*Collected material*:
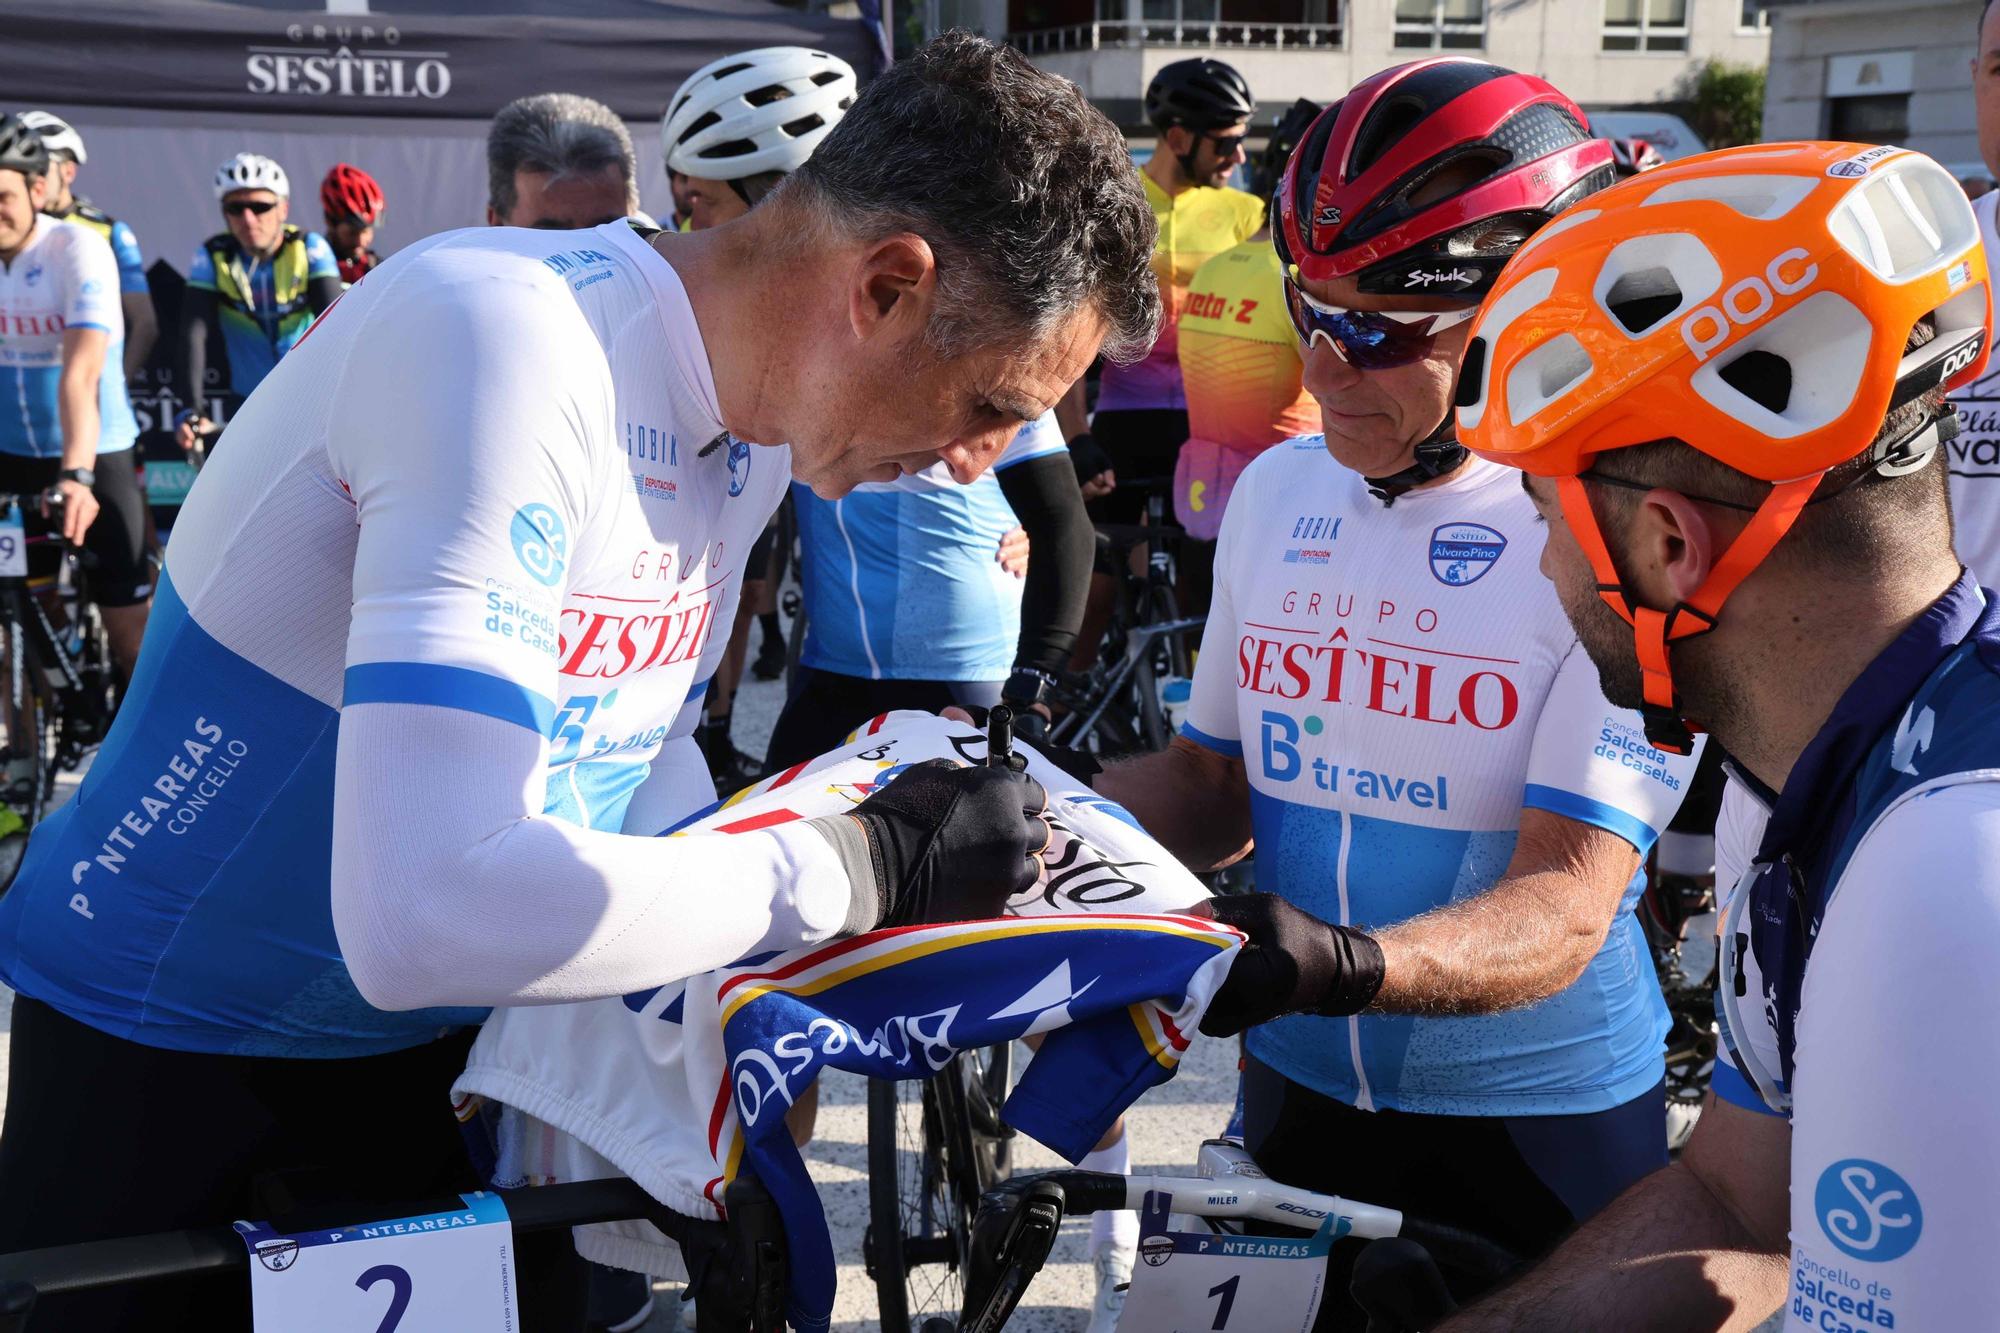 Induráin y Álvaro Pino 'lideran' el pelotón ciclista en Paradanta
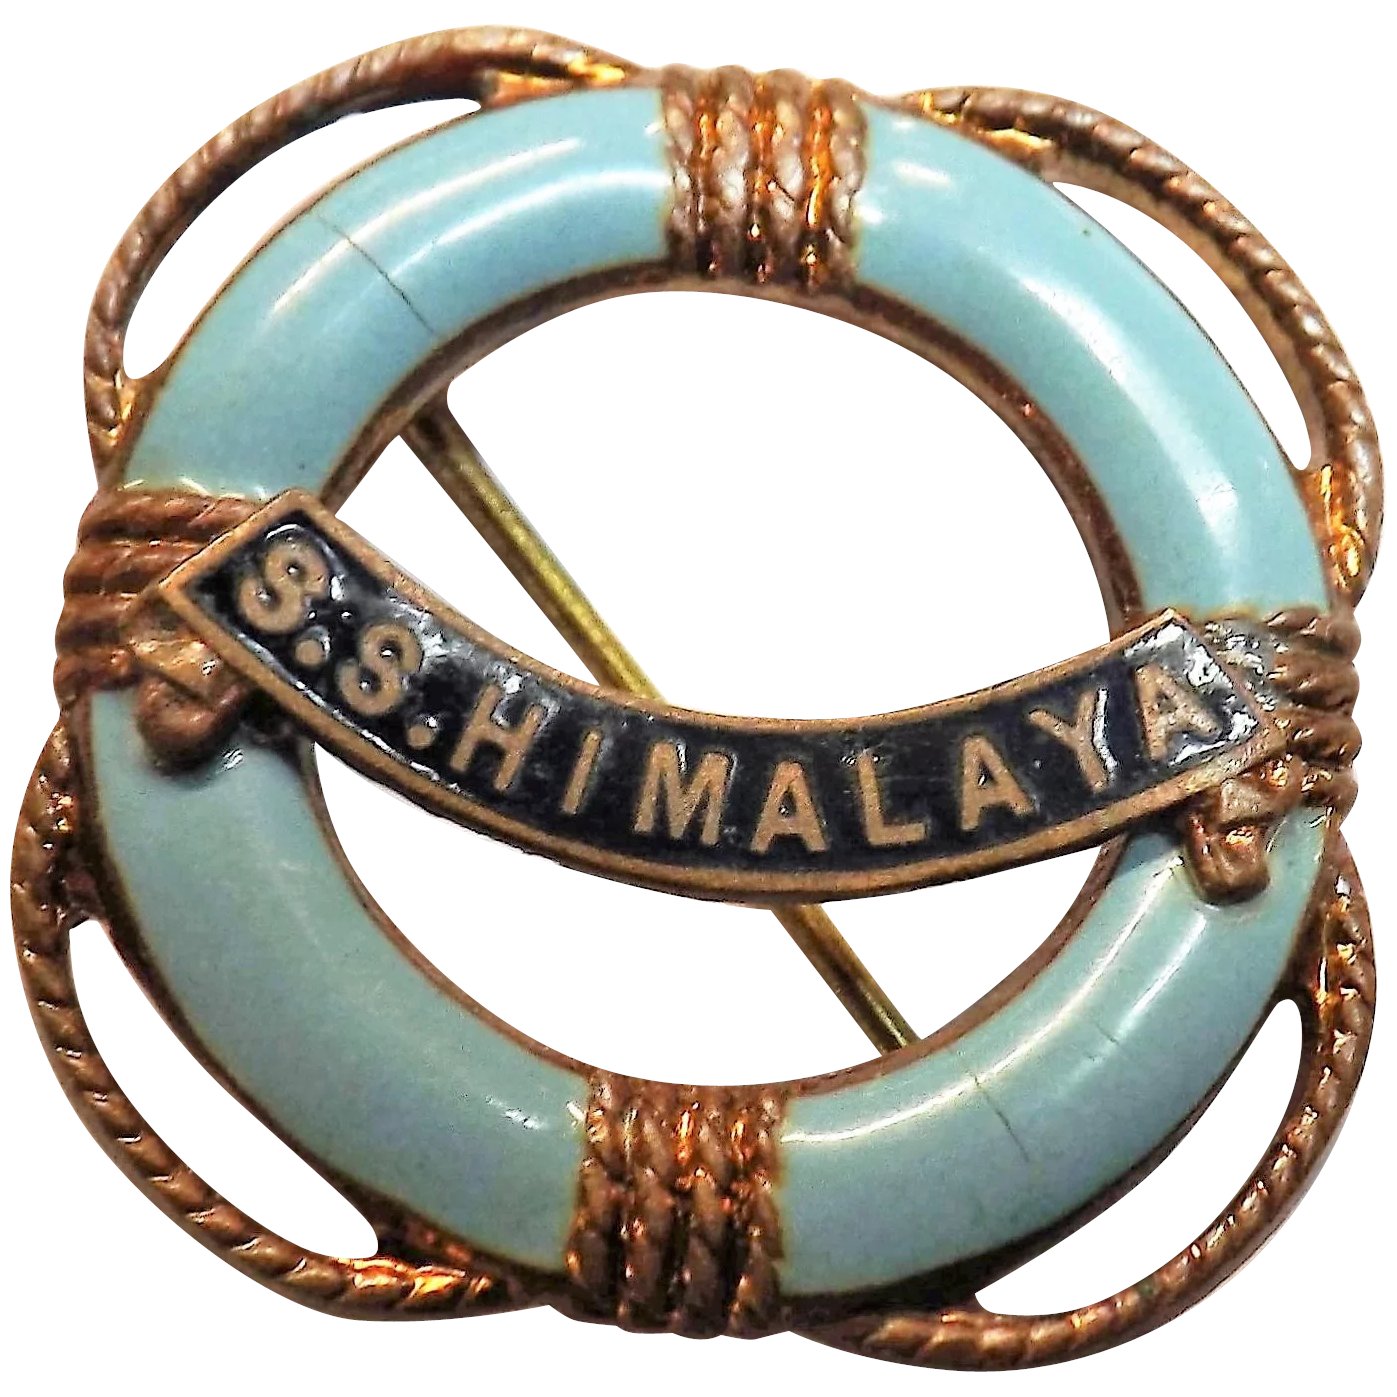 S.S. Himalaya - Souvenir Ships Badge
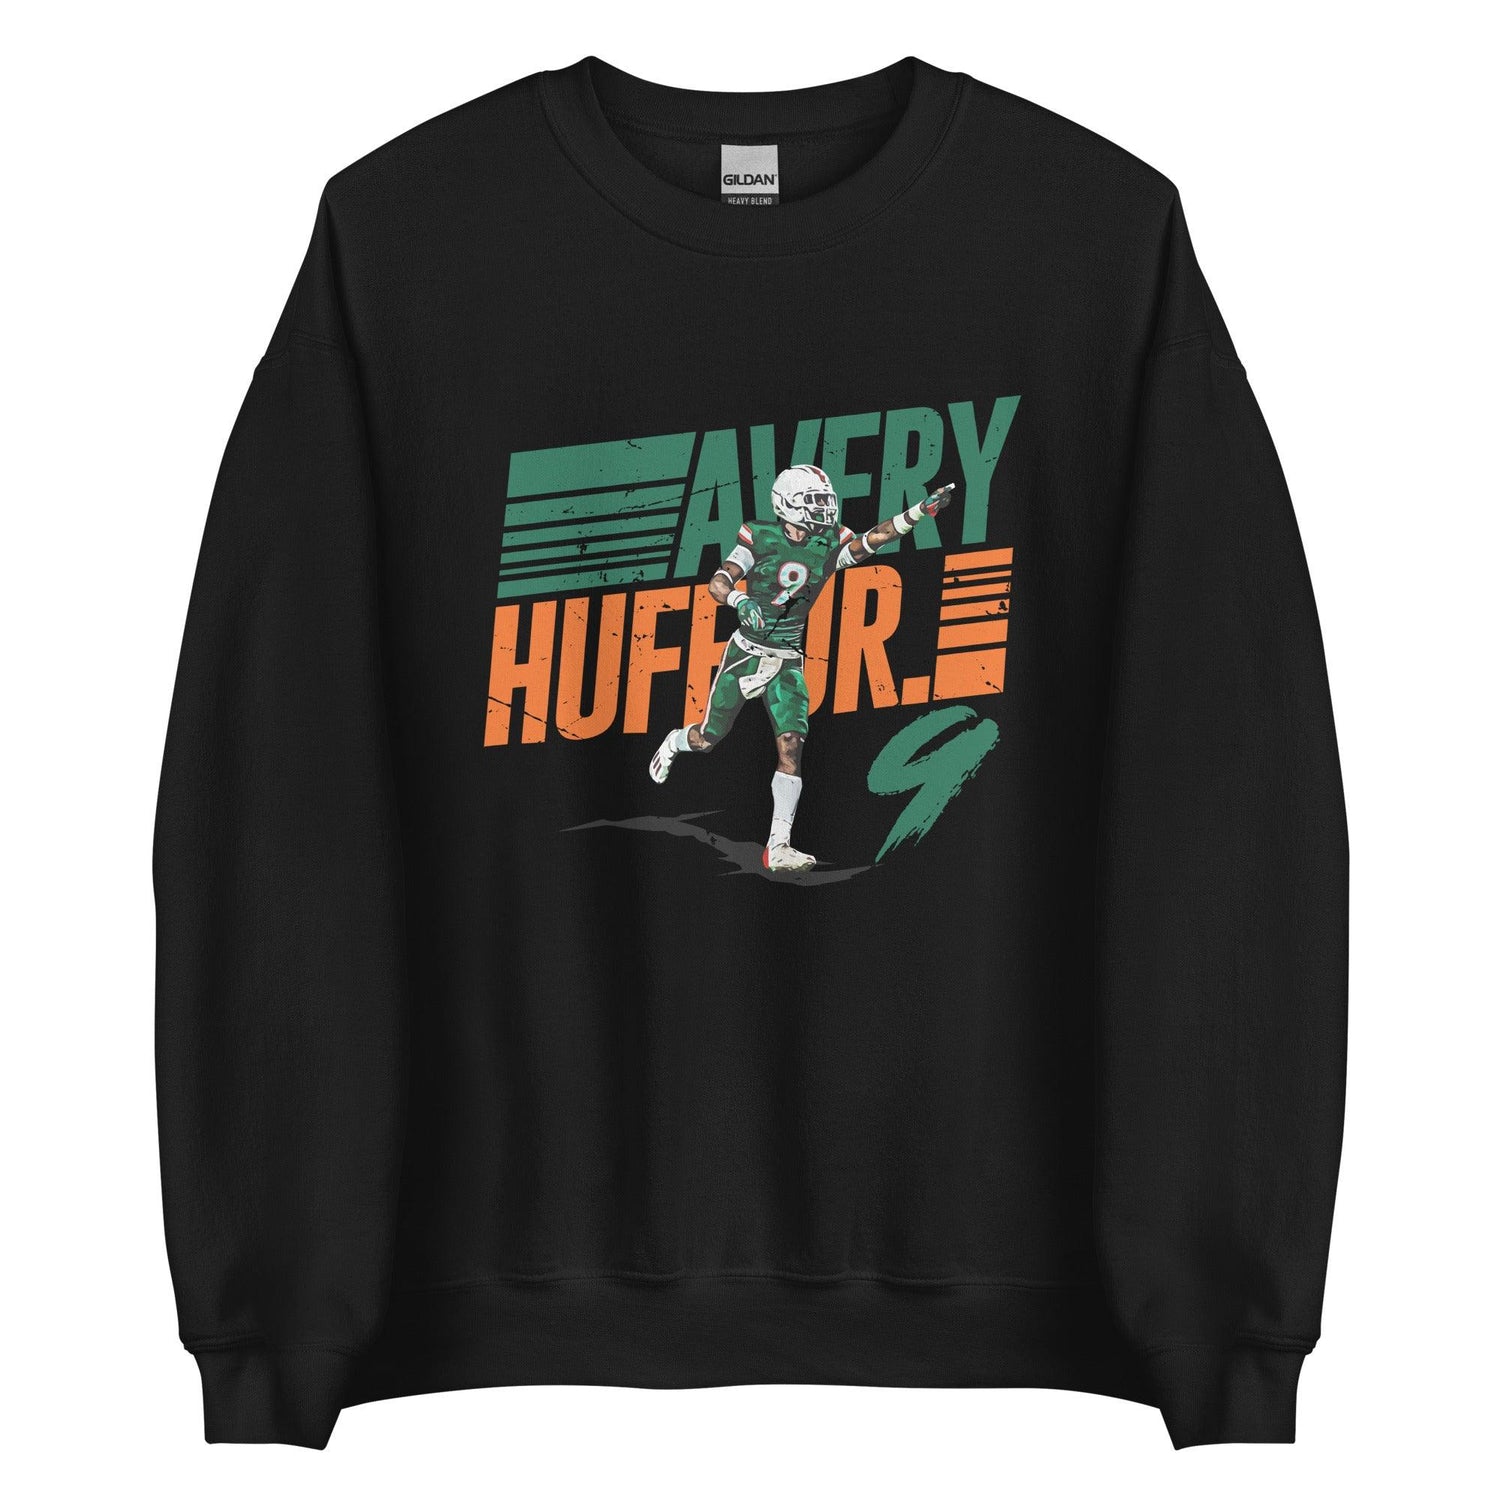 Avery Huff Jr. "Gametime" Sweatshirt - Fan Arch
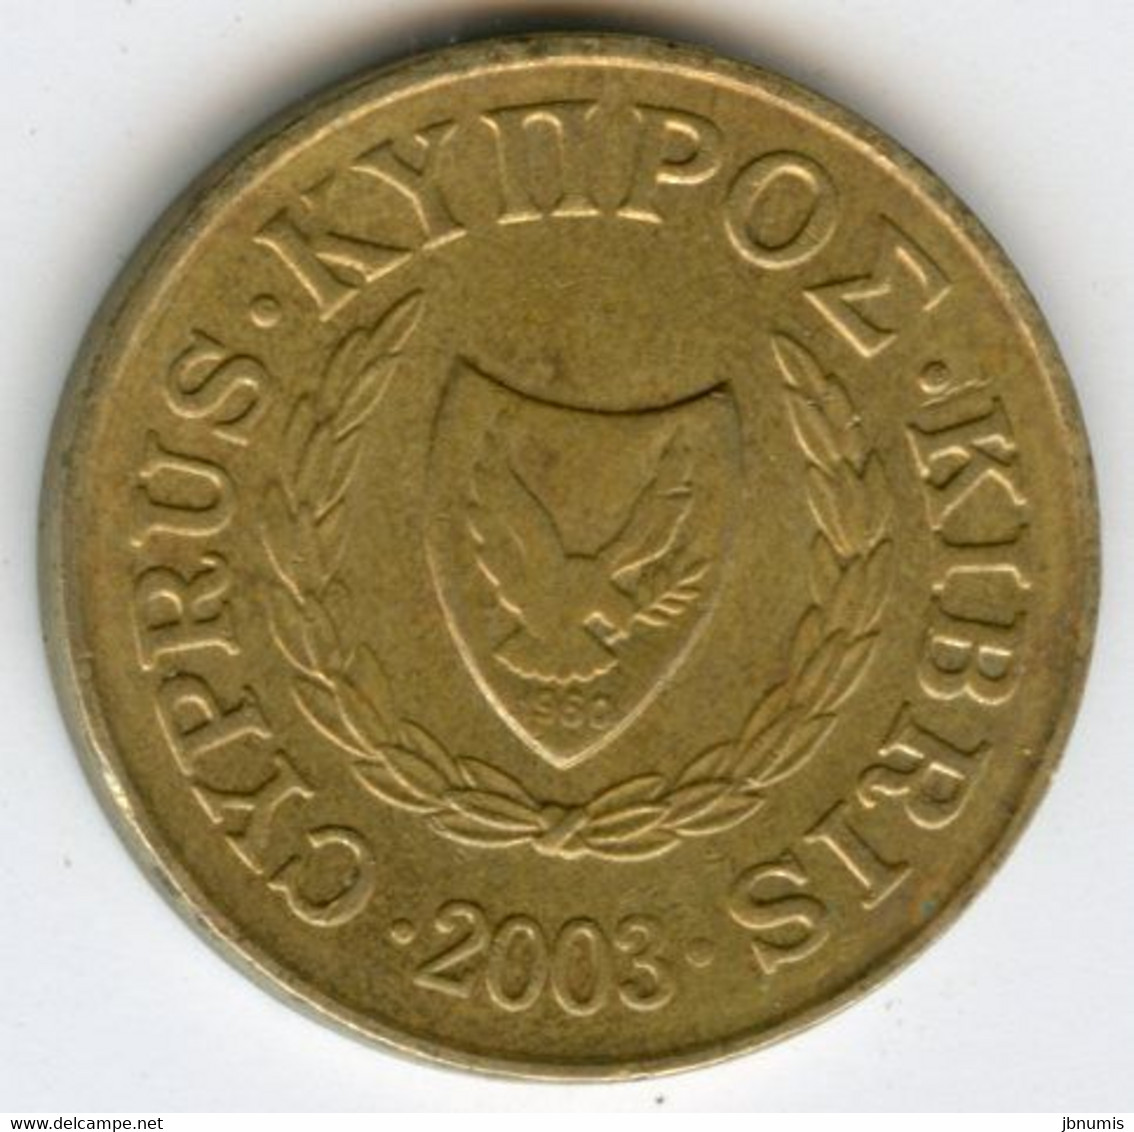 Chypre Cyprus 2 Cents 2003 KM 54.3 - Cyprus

*Goal of the exercise*: Please write out the lines from the one that holds "S.S. Himalaya - Souvenir Ships Badge" through the end of the material, both ends included, exactly and with no pictures.

*Result of the task*:
 S.S. Himalaya - Souvenir Ships Badge
 Avery Huff Jr. "Gametime" Sweatshirt - Fan Arch
 Chypre Cyprus 2 Cents 2003 KM 54.3 - Cyprus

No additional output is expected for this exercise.